House Republicans Play Politics with Service Members
May 9, 2012 by David Stacy, Government Affairs Director
Late this evening, the House Armed Services Committee adopted two anti-LGBT amendments during the markup of the National Defense Authorization Act.
One amendment, offered by Rep. Steven Palazzo (R-MS), discriminates against lesbian and gay service members by preventing them from using military facilities for weddings or commitment ceremonies – a privilege available to their heterosexual peers. This amendment contravenes a Department of Defense memorandum, which instructs DOD to make all facilities open for private functions on a sexual-orientation neutral basis. Proponents of the amendment argued that the Defense of Marriage Act (DOMA) prohibits military facilities from being used for same-sex marriages. However, Rep. Rob Andrews (D-NJ) clarified that while DOMA prohibits recognition of marriages between same-sex couples under federal laws and regulations, access to a federal facility for a marriage ceremony does not constitute recognition of that marriage by the federal government. The amendment was adopted 37 – 24.

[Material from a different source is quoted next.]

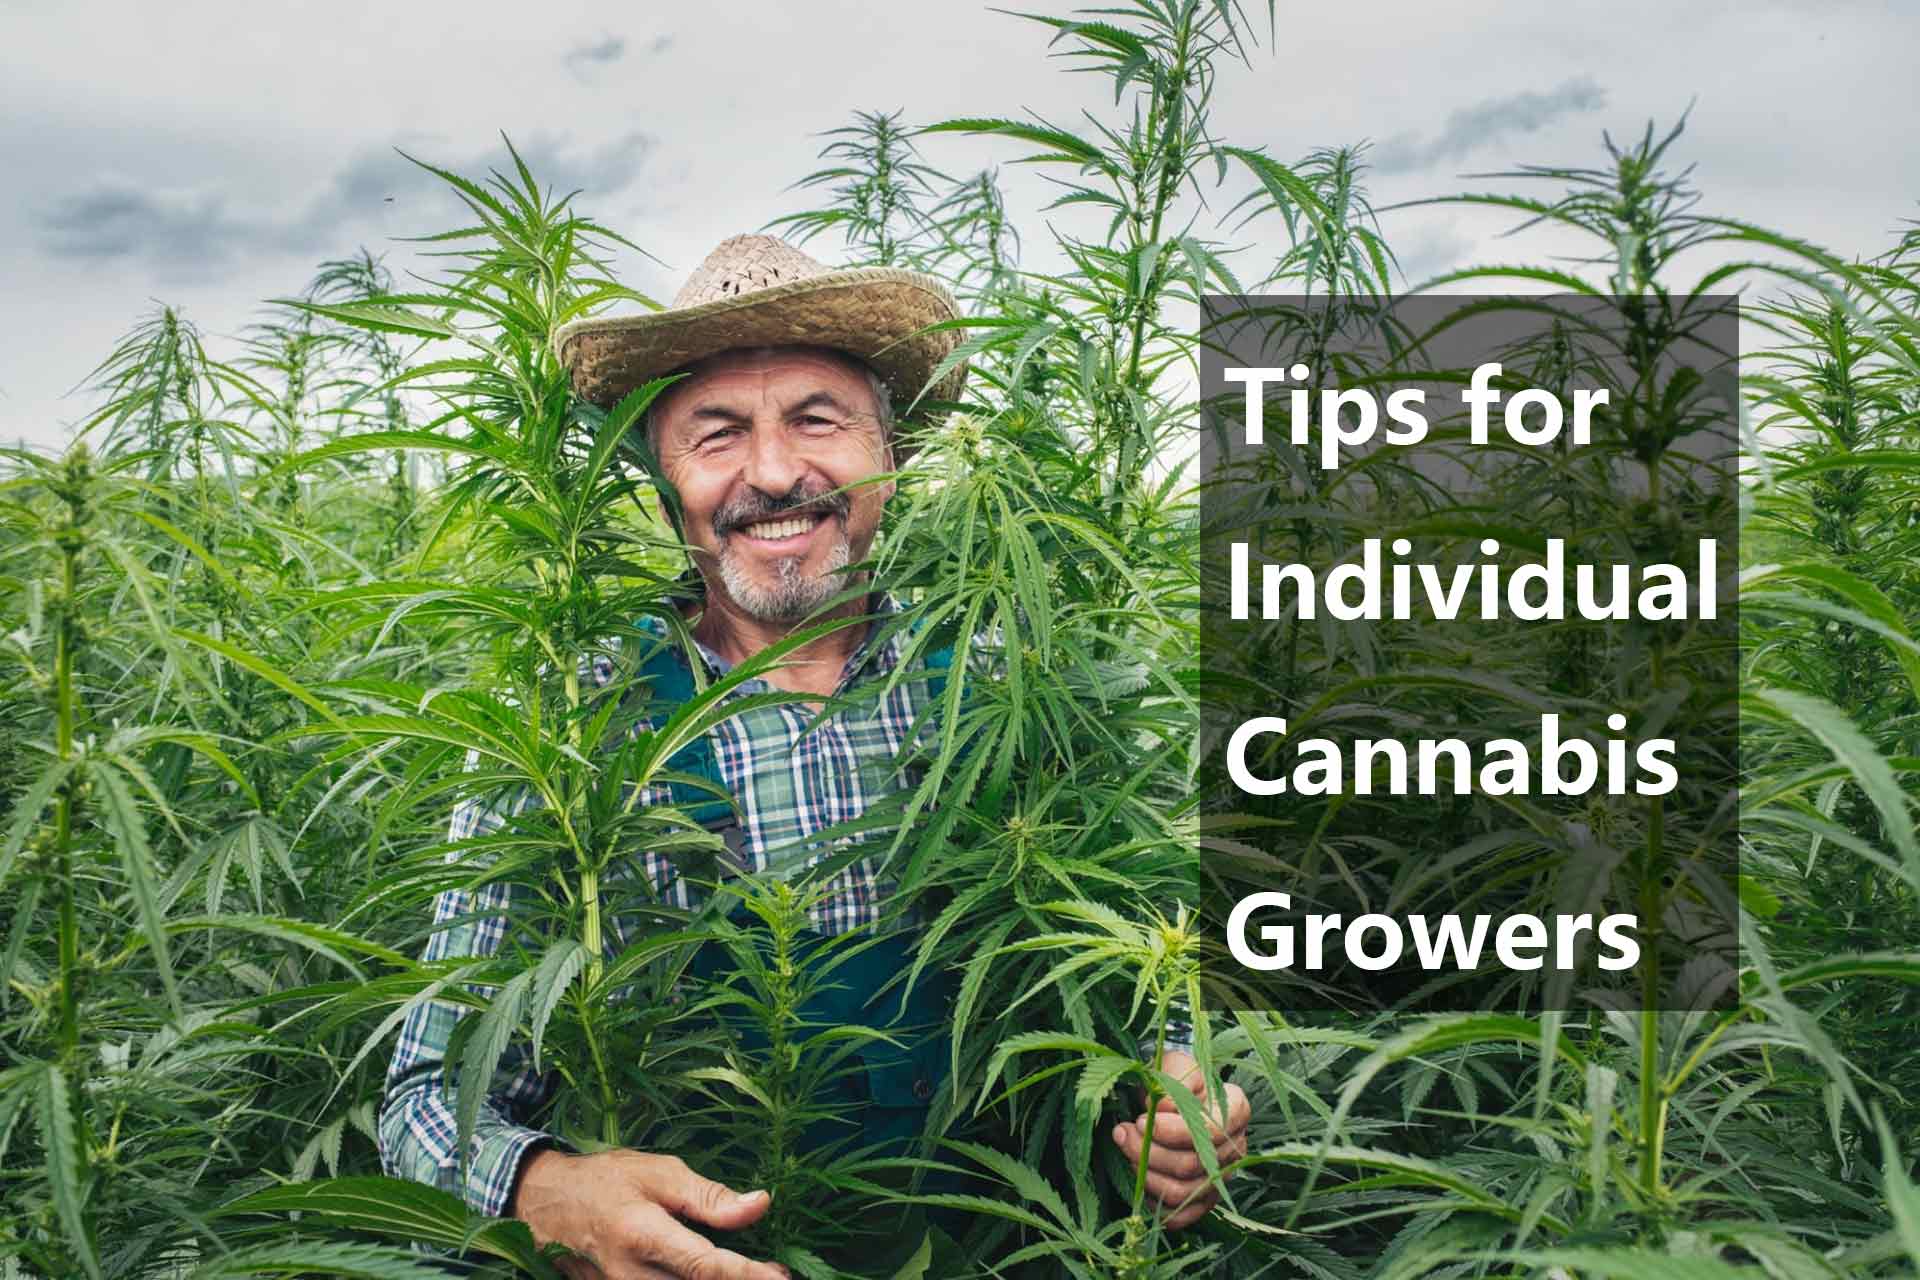 Tips for Individual Cannabis Growers

The second amendment, offered by Rep. Todd Akin (R-MO), requires the military to accommodate the religious and moral beliefs of service members on topics of human sexuality. It isn’t clear how these beliefs are to be accommodated or what beliefs on human sexuality are to be accommodated. Should a service member be allowed to change living situations if she objects to a roommate’s use of birth control? Should a service member be allowed to change units if he objects to a colleague’s engagement in premarital sex? Rep. Linda Sanchez (D-CA) argued that this amendment provides space for service members to mask anti-LGBT speech and actions behind a thin veil of religious or moral objection to lesbian and gay individuals.

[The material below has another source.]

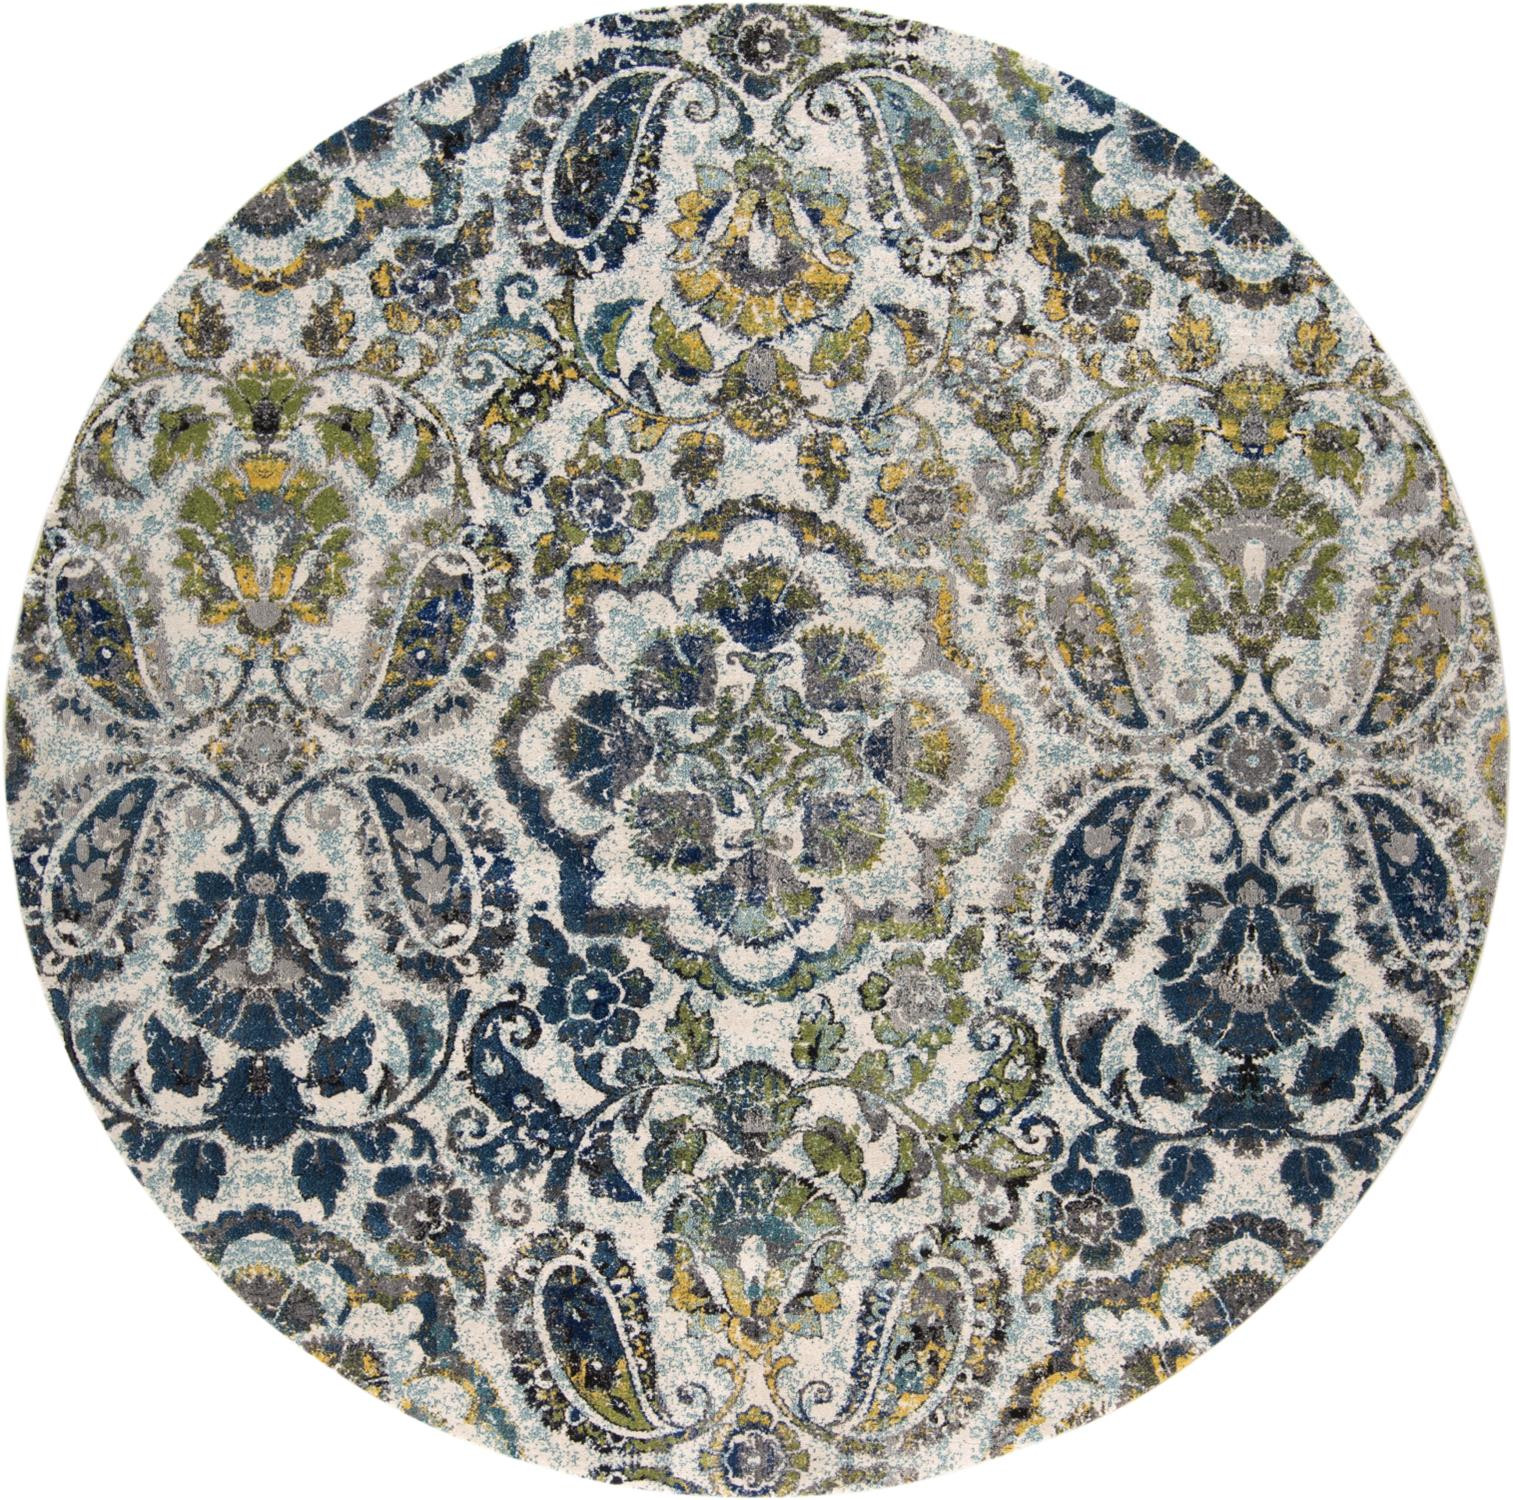 8' Ivory Blue And Green Round Floral Stain Resistant Area Rug-511150-1

Rep. Akin’s amendment also allows chaplains to reject performing a service contrary to the chaplain’s beliefs or the beliefs of the chaplain’s faith group. This is problematic because military chaplains serve people of denominations and faiths that may be different from their own. A Christian chaplain must be able to give counsel to a Muslim service member experiencing a crisis. On the battlefield, a Jewish chaplain must be able to facilitate a memorial service for a slain Christian service member. Forcing DOD to issue regulations that allow chaplains to refuse to serve those they disagree with creates a slippery slope that leads to a chaplaincy unprepared to aid the pluralistic constituency it serves. In addition, a DOD memorandum already makes clear that “a chaplain is not require to participate in or officiate a private ceremony if doing so would be in variance with the tenets of his or her religion or personal beliefs”. Additional regulations in this area have no purpose unless they are meant to allow chaplains to pick and choose who they serve. Rep Akin’s amendment was adopted 36 – 25.
The National Defense Authorization Act will move forward for a vote by the full House. HRC will work with our Senate allies to keep this anti-LGBT language out of the Senate version of the bill.